Labor costs continued to be the main inflation driver during the third quarter. However, both union and nonunion sectors seem to have taken into account weaker market conditions and growing unemployment in this year's wage negotiations. In August, the unemployment rate for both blue and white collar construction workers rose to 9.5%, according to BLS. Up from a low of 6.4% two years ago, it is now at the highest level since 1994.
Open-shop contractors say that because of weaker market conditions, they only expect to increase wages for their workers by 4.2%, according to a survey conducted by Personnel Administration Services, Saline, Mich. This would be down from a 4.8% wage increase that the same group of contractors awarded last year and a 5.3% wage increase reported by PAS in 2000.

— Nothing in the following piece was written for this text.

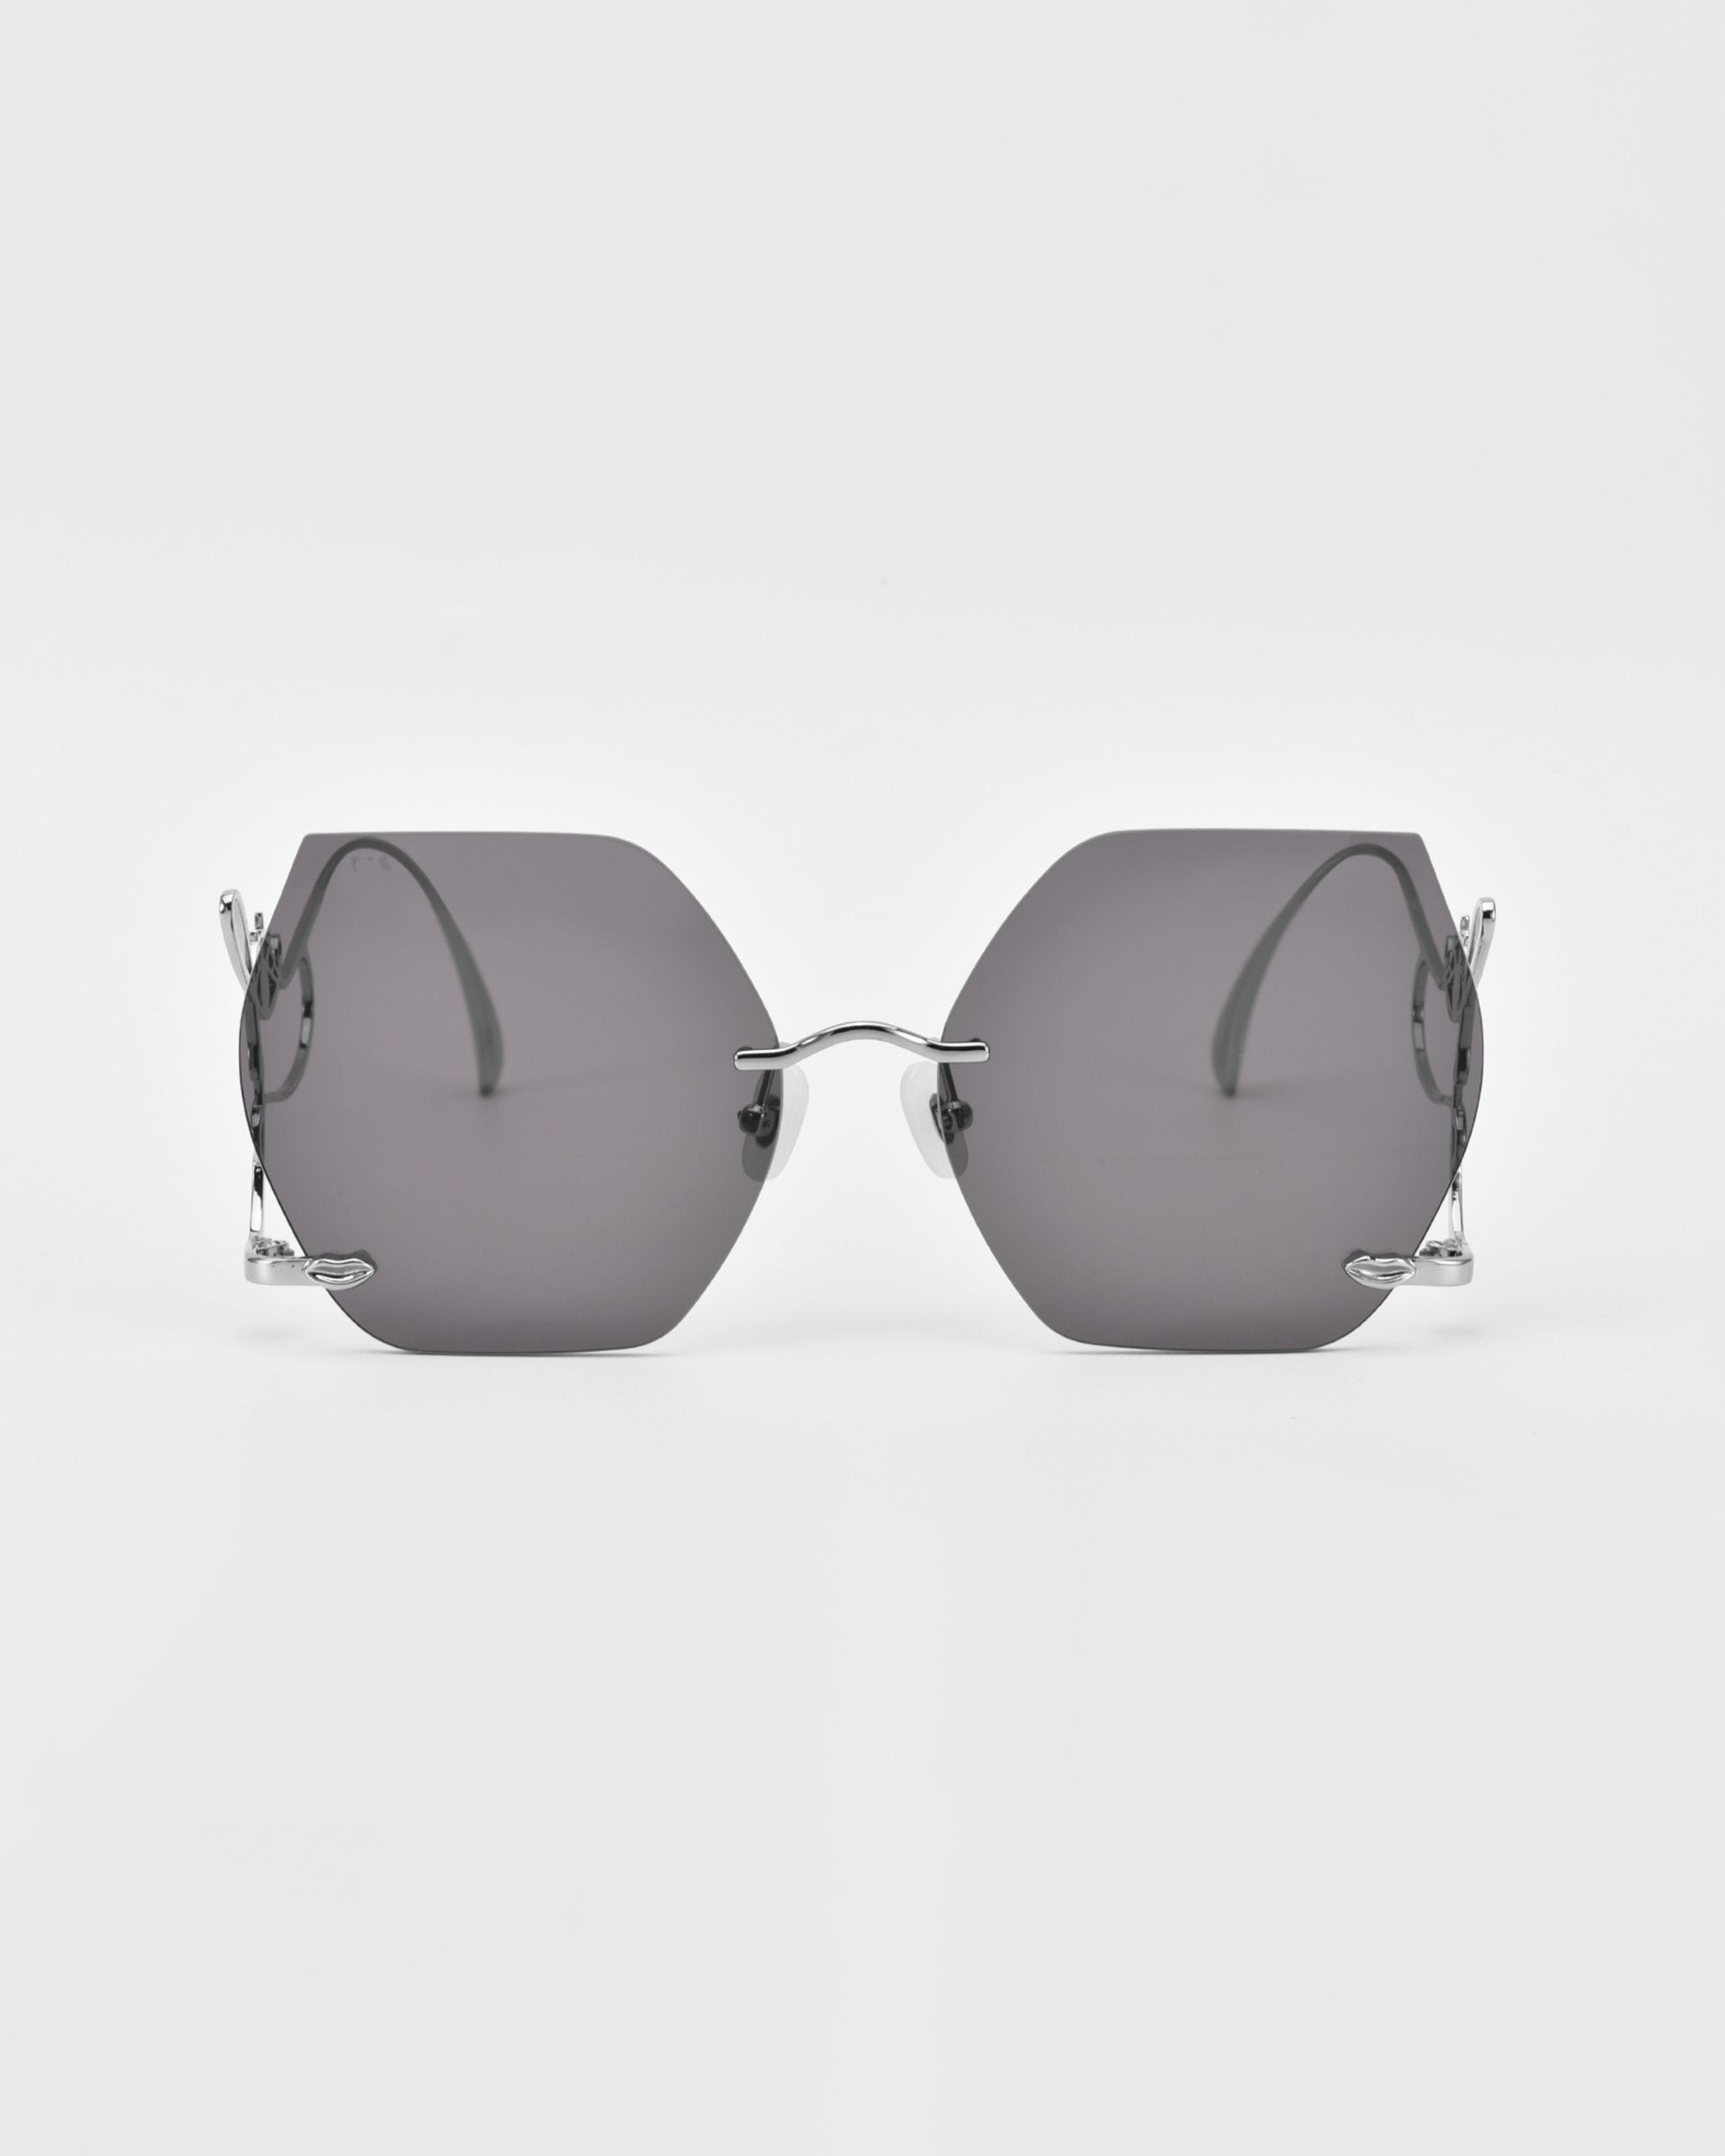 A pair of stylish, rimless, hexagon-shaped sunglasses with dark tinted lenses and thin metal arms. These limited edition Cry Me a River sunglasses by For Art's Sake® stand out against the white background, highlighting their sleek design and modern aesthetic.

The union sector also reeled in wage hikes this year, says a survey of 165 settlements by the Construction Labor Research Council, Washington, D.C. Wage and benefit settlements reported to CLRC so far in 2002 have resulted in an average first-year increase of $1.40, or a 4.2% annual wage hike. In 2001, union wages showed a 4.6% annual increase for the same period.
Labor costs also are getting a kick from higher workers' compensation rates. This year, the average premium per $100 of payroll increased 9% for structural ironworkers; 7% for bricklayers and 2% for carpenters, according to an annual survey compiled for ENR by the New York City-based insurance broker Marsh USA Inc.
These rate increases may just be the first tremor in a major upheaval in workers' compensation rates expected to hit the market by next year. Industry sources interviewed by ENR for its Third Quarterly Cost Report expect to see double-digit rate increases in 2003.
The slump in the nonresidential building market is putting a severe squeeze on contractor margins, according to an analysis of general building and selling cost indexes published in this report. Ten general building indexes, which measure input costs, registered annual inflation of 2.5%. This is about the same rate of inflation tracked by this group of indexes in the third quarter of 2001.
By contrast, three selling price indexes compiled by contractors show annual inflation rates falling from 2.5% a year ago to 0.8% this quarter. The gap between the contractors "selling price" and input costs is an indication of how hard margins are being squeezed in today's market.
Another gap exists between ENR's construction and building cost indexes. In September, the CCI was up 3.1% for the year, while the BCI showed only a 1.6% annual increase. The labor component accounts for 80% of the CCI, and it is up 4.5% for the year. The BCI's labor component is up only 4% for the year. In addition, labor accounts for only 64% of the BCI, making it more vulnerable to declines in lumber and steel prices.
The full impact of the U.S. tariffs on steel imports became clear in the third quarter. Last March, President Bush placed a 30% tariff on most imported flat products, which includes plate. The so-called long products, which include structural steel and reinforcing bars, were excluded. By August, prices for flat products had increased 41%, while those for long products rose just 3%, according to composite prices compiled by the forecasting firm DRI-WEFA, Washington, D.C.
Other factors coincided with the implementation of tarrifs to drive up prices, including a weaker dollar and a surge in inventory purchases. But tariffs have worked as intended to give large domestic integrated steel mills temporary protection from cheap imports that had driven prices below costs.
The tariffs offer three years of price protection. They fall to 24% next March and to 18% a year later. In the meantime, domestic producers are looking to consolidate and reduce worldwide capacity to keep prices in line. But they may not have three years to fix the steel crisis, which has driven 34 steel companies into bankruptcy. Two large mills are bringing new capacity on line, which should drive prices back down. DRI-WEFA predicts prices will start to fall by next quarter.